Helaas kan non-respons bias ertoe leiden dat mensen in onze steekproef er heel anders uitzien dan die in de bredere populatie.

Laten we bijvoorbeeld zeggen dat een stad overweegt een nieuwe rotsklimfaciliteit te bouwen. Om te peilen in welke mate stadsbewoners geïnteresseerd zouden zijn in het gebruik van dit soort voorzieningen, sturen stadsambtenaren een korte enquête uit via een nieuwe smartphone-app.

Vanwege de werkwijze waarmee het onderzoek is uitgevoerd en de inhoud van het onderzoek (vragen over klimmen) zijn het vooral jongeren die de aanvraag hebben en geïnteresseerd zijn in klimmen die reageren.

Dus als de onderzoeksresultaten terugkomen, lijkt het erop dat een overweldigende meerderheid van de stadsbevolking geïnteresseerd is in de bouw van deze nieuwe faciliteit. Helaas zijn de onderzoeksresultaten niet representatief voor de bevolking als geheel.

De onderstaande afbeelding illustreert dit probleem: Laten we aannemen dat de groene cirkels mensen vertegenwoordigen die geïnteresseerd zijn in het gebruik van de faciliteit, terwijl de rode cirkels mensen vertegenwoordigen die niet geïnteresseerd zijn in het gebruik van de faciliteit:

Merk op dat de steekproef niet representatief is voor de populatie als geheel. Uit de onderzoeksresultaten blijkt dat de meeste mensen enthousiast zijn over een nieuwe klimfaciliteit. Als stadsambtenaren ervan uitgingen dat deze steekproef representatief was voor de bevolking, zouden ze helaas kunnen besluiten om de faciliteit te bouwen en zich snel realiseren dat veel minder mensen er gebruik van zouden maken dan ze dachten.

2. Non-respons bias kan een grotere variantie in schattingen veroorzaken . Als de steekproefomvang van het onderzoek kleiner blijkt te zijn dan de onderzoekers hadden gepland, zou de variantie in de onderzoeksschattingen groter kunnen zijn dan verwacht.

Door het testen van hypothesen weten we bijvoorbeeld dat hoe groter onze steekproefomvang is, hoe lager de variantie in onze schatting van een populatiegemiddelde of populatieaandeel. Hoe kleiner onze steekproefomvang, hoe groter de variantie van onze schattingen van populatieparameters en hoe moeilijker het is om een statistisch significant resultaat te vinden.

Voorbeelden van non-respons bias

De volgende voorbeelden illustreren verschillende gevallen waarin non-responsbias kan optreden.

voorbeeld 1

Onderzoekers willen weten hoe computerwetenschappers nieuwe software waarnemen. Er is druk om zoveel mogelijk gegevens uit de enquête te halen, dus ontwerpen onderzoekers een enquête die ongeveer een uur duurt. Wanneer ze de enquête verspreiden, merken ze dat veel IT-medewerkers helemaal niet reageren of beginnen te reageren, maar het uiteindelijk opgeven voordat ze de hele enquête hebben ingevuld.

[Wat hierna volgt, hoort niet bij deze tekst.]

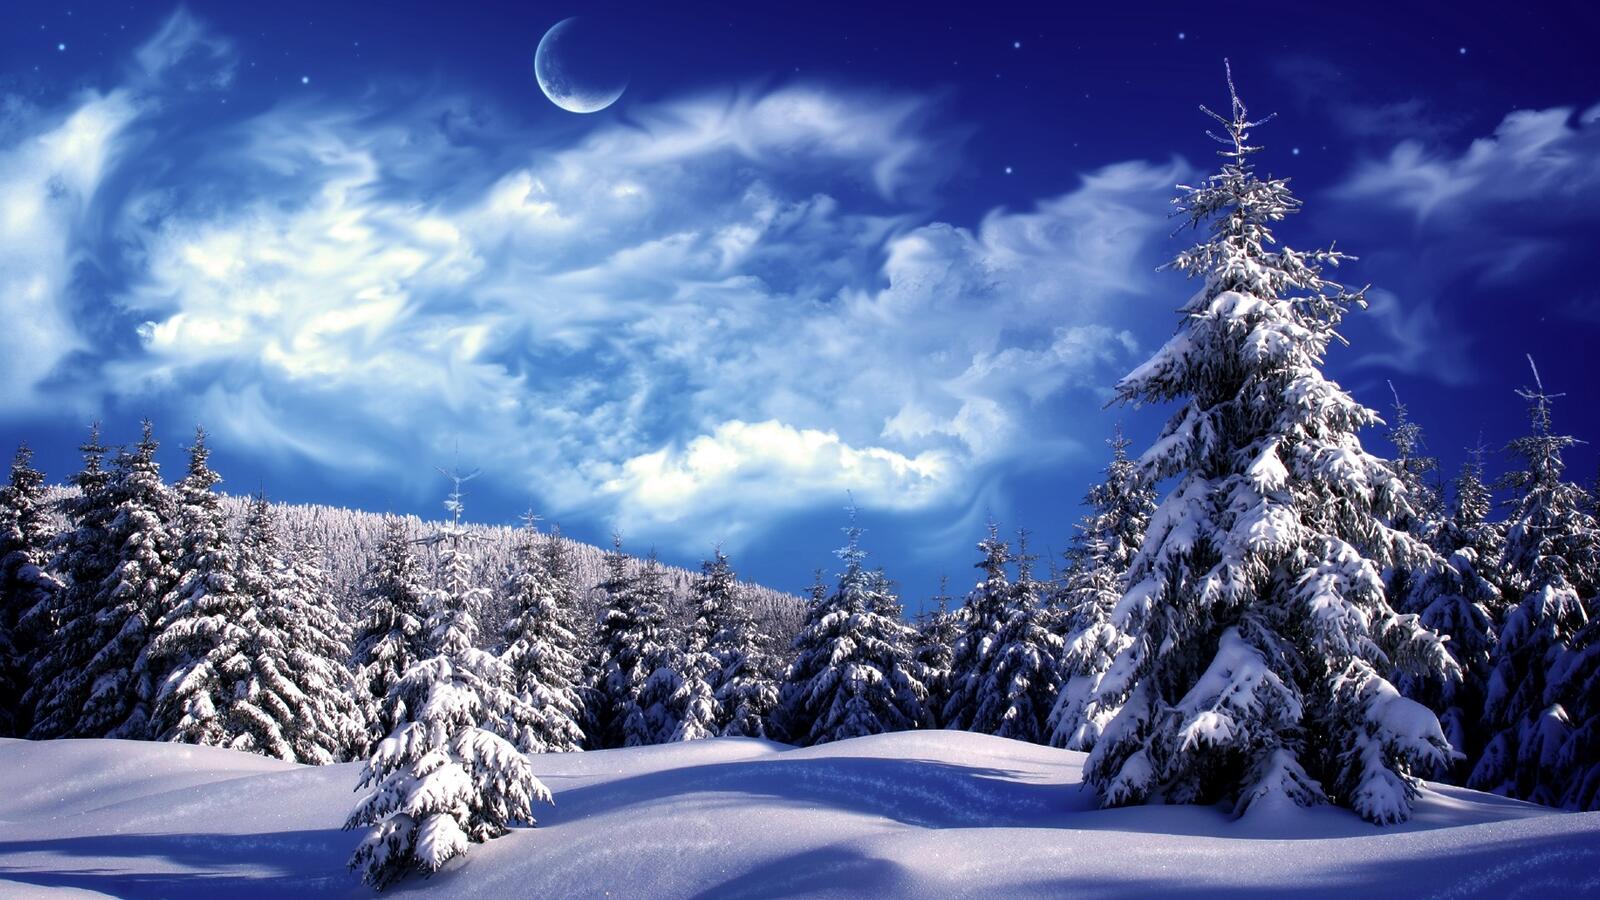 Бесплатное фото Еловый зимний лес укутанный сугробами, а в небе красивая яркая Луна

Wanneer de onderzoekers de gegevens ophalen, merken ze dat de respondenten de software als uitstekend en van hoge kwaliteit ervaren. Toen ze de nieuwe software echter bij het algemene IT-team hadden uitgerold, ontdekten ze dat ze vooral negatieve feedback kregen.

Het blijkt dat de mensen die de tijd hebben genomen om de hele enquête in te vullen veelal beginnende computerwetenschappers zijn die niet in staat zijn de tekortkomingen van het programma in te schatten.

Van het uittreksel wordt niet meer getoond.